Whether it's indicative of not is a matter of debate. However I do agree that it generally is.

They are however demonstrably bothered about £40, which is what makes this so pathetic on CS's part. Simon stated that they take particular notice of anyone delaing in as large size as £20 (!). Rather than accept a trade, Steve says that it was rejected and the price moved 2 pips. Given that there was no underlying moving at the time, the dealers clearly looked at the trade (Simon admits all pre-market trades are referred) rejected it and moved their price 2 pips higher.

They would have been perfectly entitled to move the price after taking the trade, but to claim that it was so wrong that a trade had to be rejected, then finesse it by 2 pips - what adjective should describe that? Anal, greedy, pathetic would be my suggestions.
 
i'm a trader not a dealer and i would reject any trade that i felt was going to push my book. be it 2 pips or 22 pips, especially when i couldn't hedge my exposure. how do you know it wasn't a person with DMA access submitting pre-order prices to distort the market? and where do you think the dealers get their prices? an algo running off the underlying perhaps...
 
Fine, but there is no underlying at this time to base your price off. Simon stated above that they don't use the pre-market order book.

What pushes the price is client trades and other markets moving. If they rejected every trade which moved their price, they wouldn't be getting many deals out of hours. Short answer, if they don't want to make a price out of hours, they can stop doing it. As a trader how would you react if you asked for a price indication, gave your direction and the mm then said it was 2 pips higher? Would you go back to them next time?
 
i just don't get the gripe. SB'ers are market makers and effectively what they show you is an indicative price and when you trade it is basically an RFQ. What they push bakc to you is what price they're willing to offer/bid.

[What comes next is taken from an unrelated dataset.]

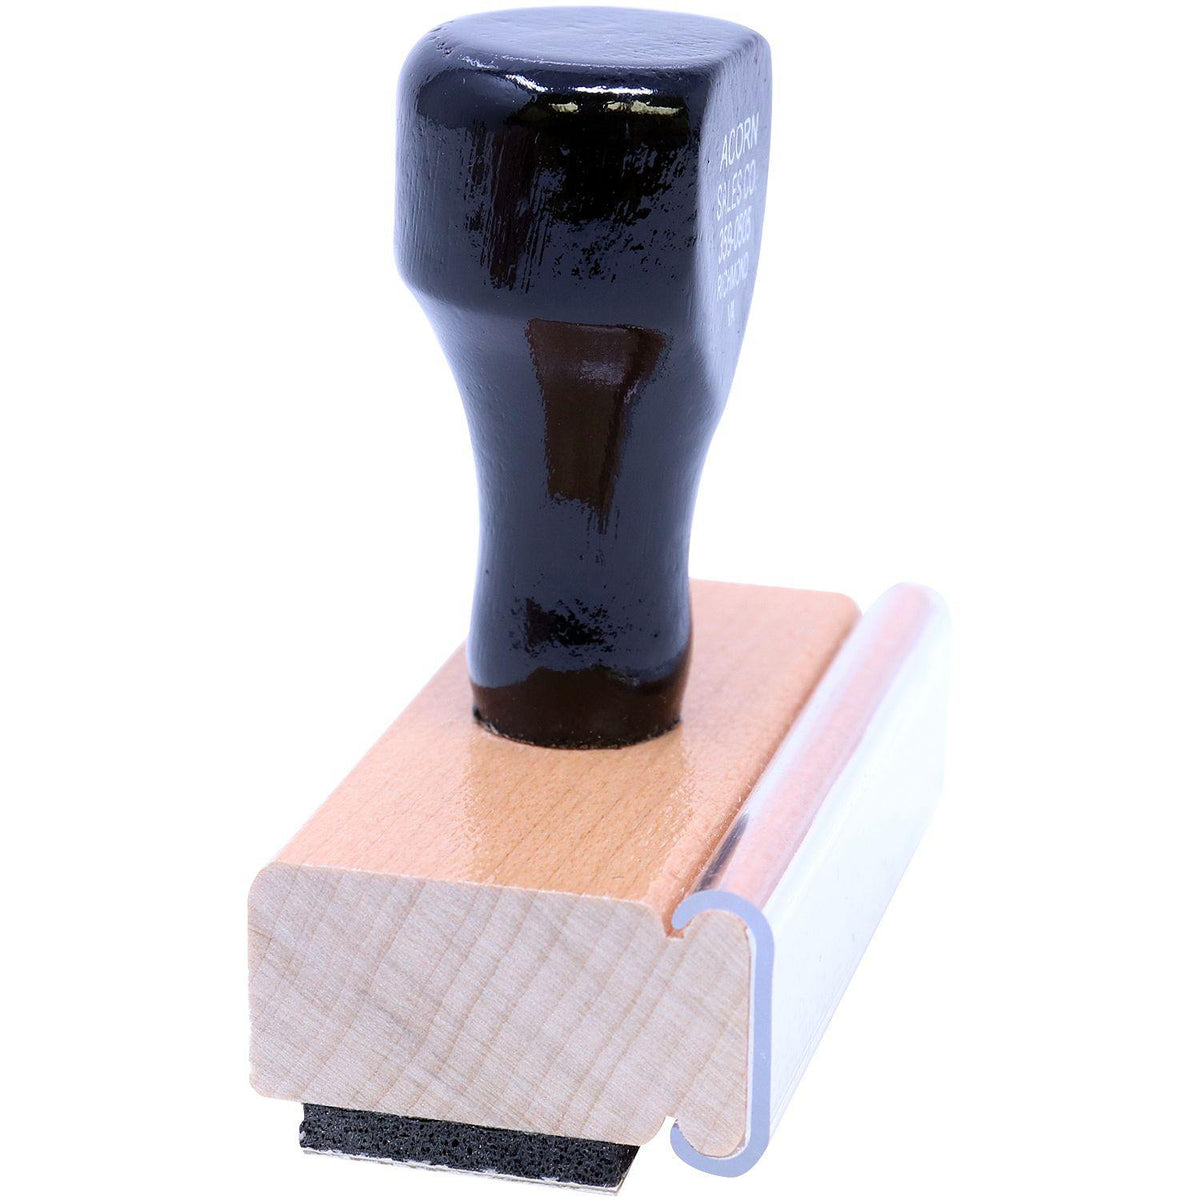 Side View of Large Medigap Rubber Stamp at an Angle

if you think they're bothered about a £40 P&L then you're mistaken.

even more so if you're trying to scalp pre-open then you deserve to lose you're shirt.

Goose,

I could make a number of points in reply to this. Firstly, they openly offer a 4 point spread out of hours - if this isnt feasable for them they should make it 6 or 8 or 10 or whatever.
Secondly, as 'ns1000' points out, they are bothered by £40 or 2 points x 2 contracts. This isnt an isolated case of one trade attempt. It happened twice yesterday morning and again this morning. These 'batches' of £40 add up. I am sure I am not the only client who finds this happening to them! This morning I was actually trying to sell the pre-market rise; again the quote got moved 2 points and my order rejected - carbon copy of yesterday. If I would have tried again I would have most likey got the trade on but it would have cost me an extra 2 points again. This morning the pre market was stronger and I was selling into strength but again the action on the part of the CS dealers was the same. In effect the spread is 8 and not the 4 which is advertised. If I would have tried to buy then they would just move it higher by 2?? So you have the basic 4 spread which they bump up 2 or bump down 2 on the first trade attempt.
Thirdly, AND MOST IMPORTANTLY, (and the point which Simon doesn't address in his comprehensive reply) is the fact that a 2 point move in the quote doesnt invalidate the clients order. It has been clearly stated that orders which fall inside the quote will be accepted.
Fourthly there is an issue of a fair, balanced and orderly market. Based upon what has been written it would be possible for the market to swing in a given direction which might cause clients to 'react' (ie stop orders or orders to close open positions because of fear of loss). The firm could then stop clients trading who had the opposite view. The net result would be that the firm would only allow trades which benefited them. So basically, if the firms makes its quote, it has to be able to stand by both sides of the price otherwise clients could be abused.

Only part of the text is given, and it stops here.